At Lunch we broke up into our state meetings. During lunch Lana Theis and I received awards for our efforts with AFP. Mine was a one time award given for "Lifetime Dedication to Limited Government and Economic Liberty". I am humbled by this award but it is not just mine. It is also for all those who have been with me since the beginning of our efforts and those who have joined over the years and have worked so hard. I thank you, Michigan AFP and anyone who joins the WCTA for making this possible. Please continue to support us and join in the effort.

After Lunch we had short updates from the state directors of each state. Next,we had brake out sessions where we trained in topics of our choice. They included topics concerning emerging issues in 2010:The Lefts Strategy and Our Solution, Grass Root Training, Detecting and Countering Media Bias, How to Impact your Legislators, Investigative Reporting Skills, State budget Crisis, and much more.

In conclusion we had the final reception and farewell speech by Tim Phillips. You should consider attending next year if you can, it is fun and informative.

Sunday, October 04, 2009

The Defense of the American Dream Continues




The morning of the first day was great. It started out with specialized grassroots training sessions on internet activism, grassroots activism and training on methods. It wasn't in anyway as subversive as it sounds. It was just good clean suggestions on methods.

In the afternoon, most people prepared for the rally and after that meetings with their legislators, which mostly turned out to be their aids. The above video was taken by AFP. Their cameras are so much better than mine.
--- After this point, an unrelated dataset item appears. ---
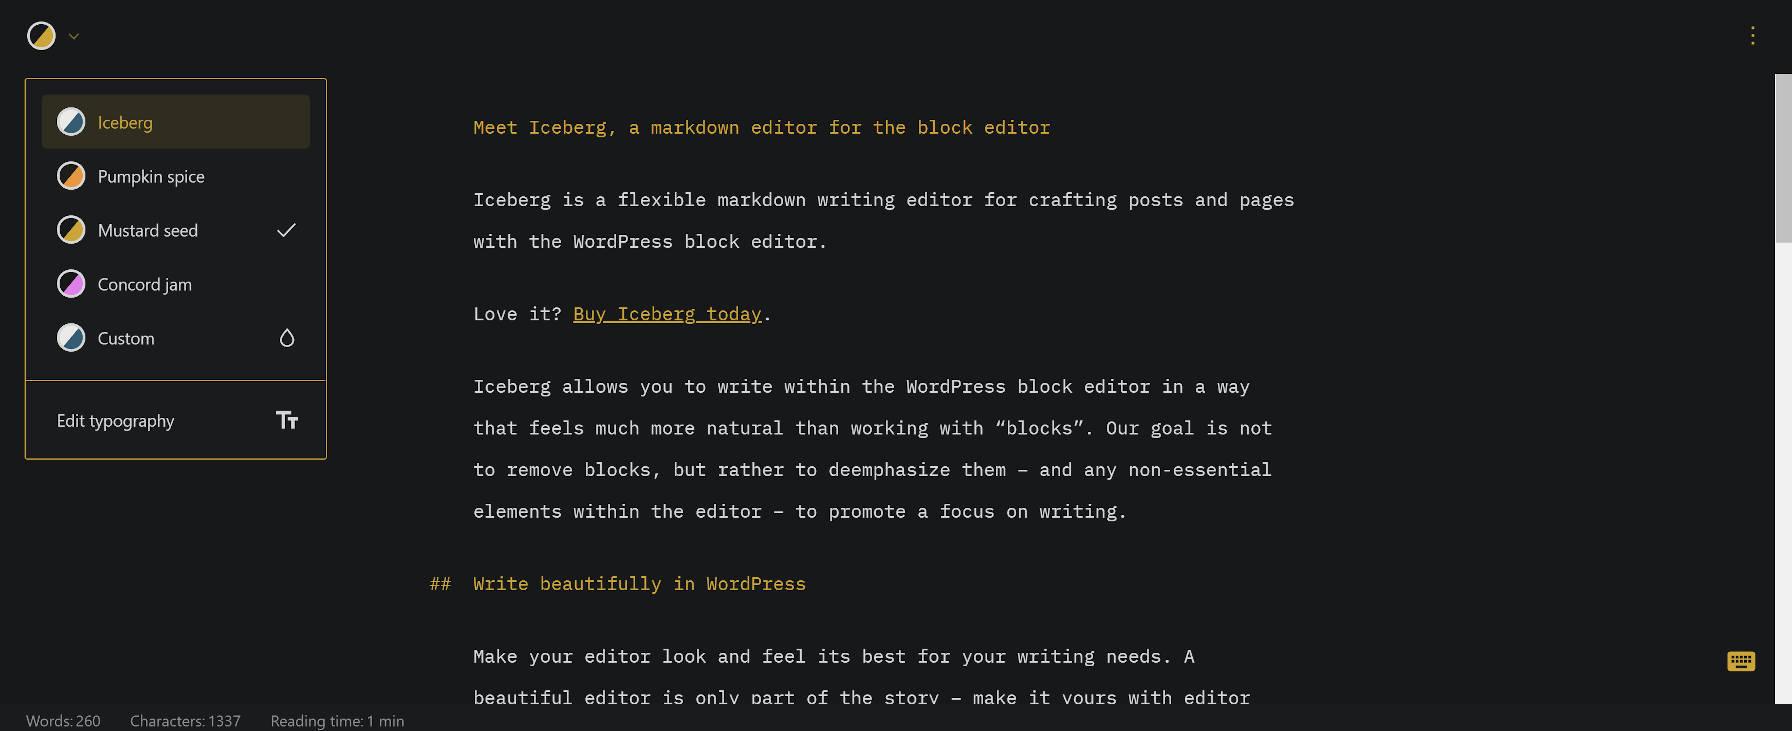 Iceberg Editor plugin, showcasing its Markdown editing features.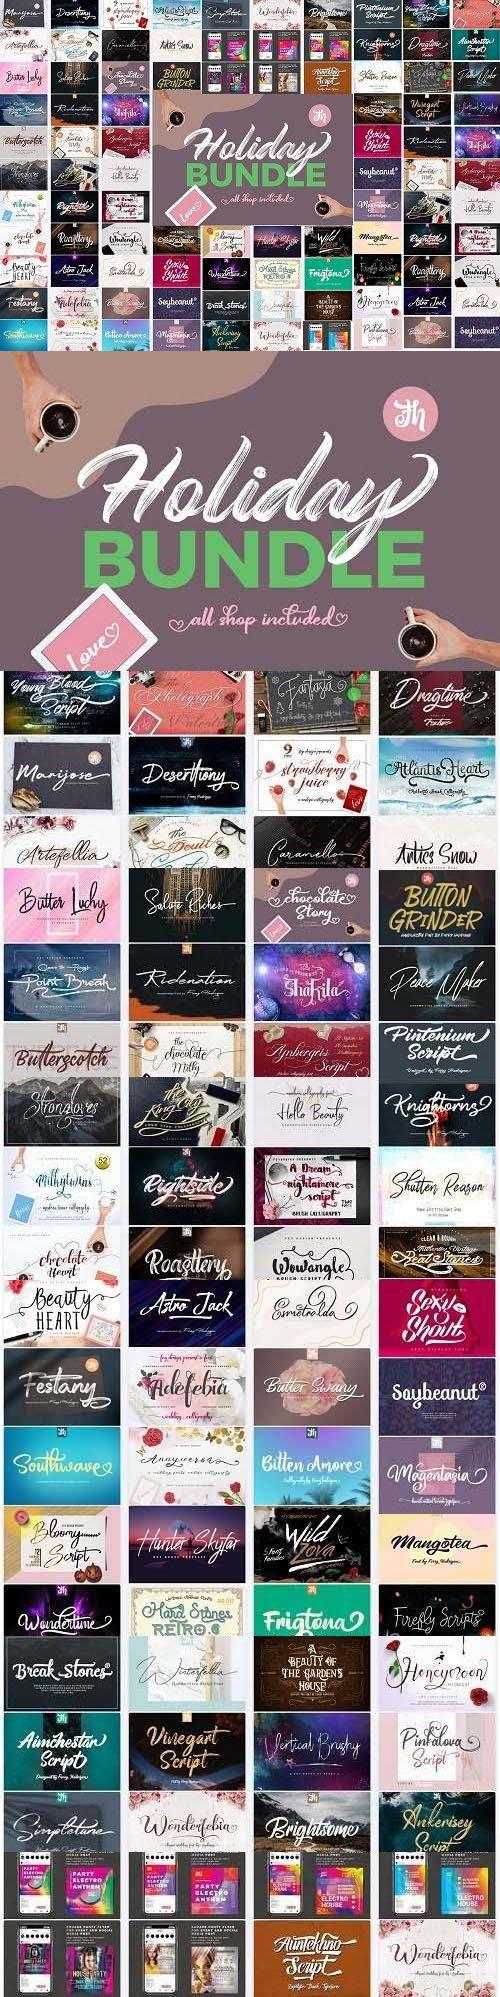 Holiday Bundle - 69 Premium Fonts & 6 Premium Graphics

That evening was the "Tribute to Ronald Reagan Dinner". We had some great speakers. Laura Ingram, radio host and best selling author was the keynote speaker. She was funny and thought provoking. She was followed by Congressman Mike Pence, who not only gave a very engaging speech but did great imitations of George W. Bush and Ronald Reagan. They were followed by Dr. Jim Miller, former Reagan Budget Director and Art Pope who is AFPs Chairman.

More tomorrow.

Friday, October 02, 2009

The American Dream Begins Again


I am writing to you from the third annual American Dream Summit in Washington DC sponsored by Americans For Prosperity. This year they have over 2000 people registered for the conference. This morning we had seminars on blogging and Grass Root training. In reality they are lessons in communication - ways to attract people to your organization and how to communicate your ideas.

In the picture above you see the attendees loading on to buses to go to a Capitol Hill town hall and news conference. After the rally they will go to meetings, organized by state delegations, to talk with legislators. Most likely they will be talking to aids or bureaucrats, as the legislators are not in session. I hope that you will get involved by calling or emailing your legislators and telling them to leave our health care alone. More later.